12. Neither the disciplinary proceedings nor the chargesheet be

quashed at an initial stage as it would be a premature stage to

deal with the issues.

13. It is therefore clear that a Court can only interfere with continuation of enquiry

proceedings when there is complete lack of jurisdiction in holding of the enquiry

proceedings by the authority which is holding the enquiry, or because the

authority did not have the power to initiate the enquiry or the enquiry may be

barred by principle of res judicata or double jeopardise or that on the face of the

show cause notice even if facts are accepted as correct no charges are made

out or there is no cause of action or no violation of any law or rules etc etc."

14. Given the aforesaid legal position as it stands, this Court at this juncture is not

inclined to interfere with the issuance of the charge sheet by the department.

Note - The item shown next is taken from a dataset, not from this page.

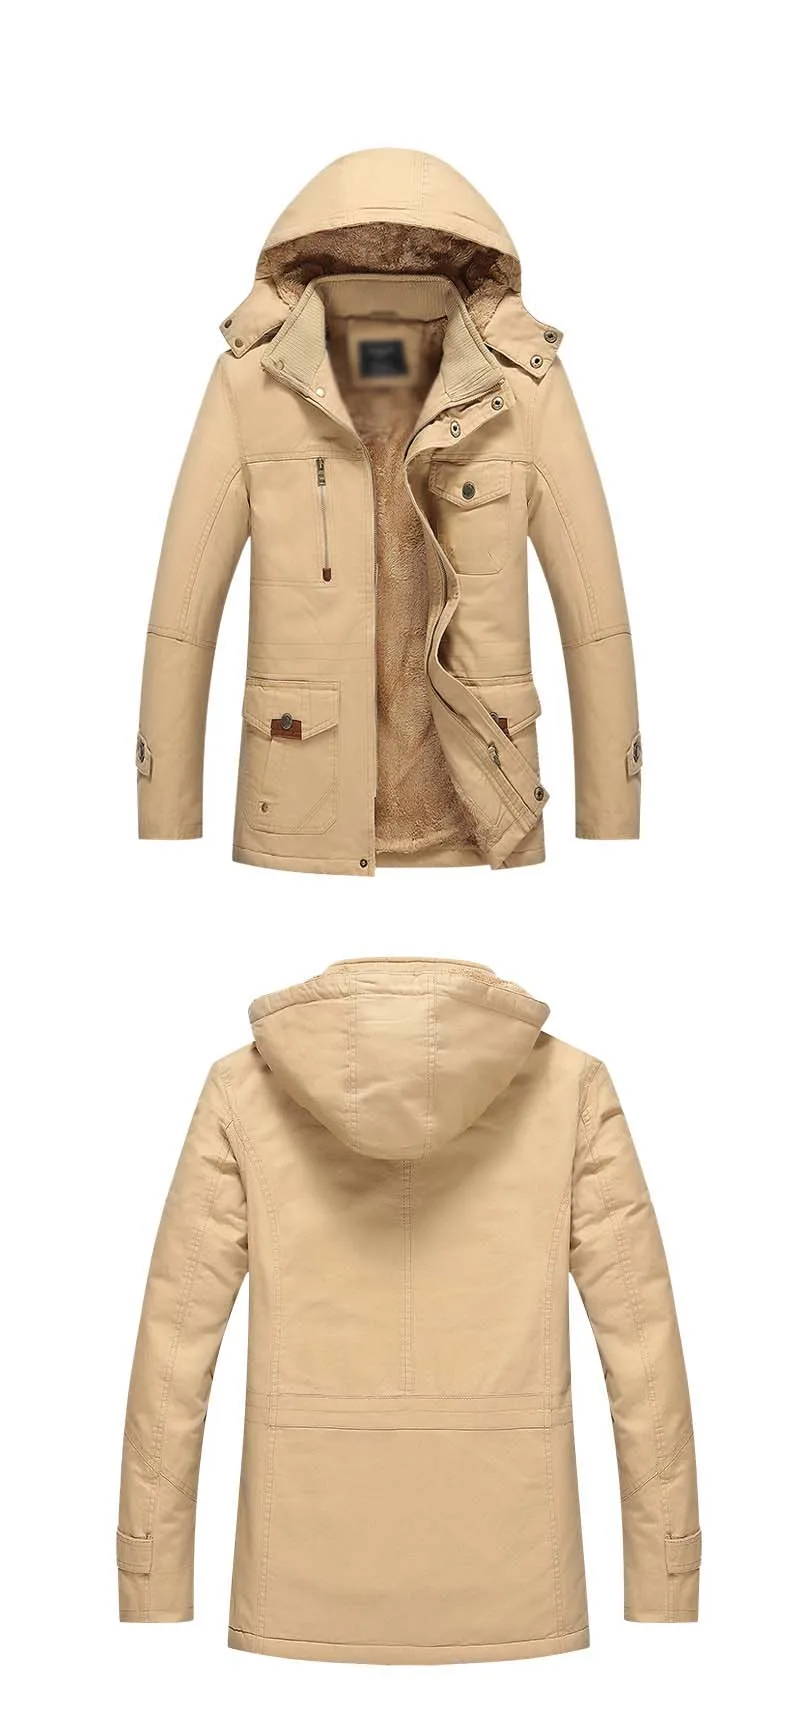 2019 Лидер продаж высокое Качественный хлопок брендовая одежда пальто для мужчин's тренчи для женщин куртки осень регулярные короткая куртк

It

would be left open for the petitioner to appear before the Disciplinary Authority

and submit a reply to the charge sheet.

15. It is made clear that in case if the petitioner has not filed reply till now, the

petitioner would be free to submit his reply within a further period of seven days

starting from today. Disciplinary Authority is expected to take into consideration

entire contents of the reply that petitioner shall be raising in his reply before

deciding the next course of action to be initiated. With the aforesaid

observations, the writ petition would stand disposed of.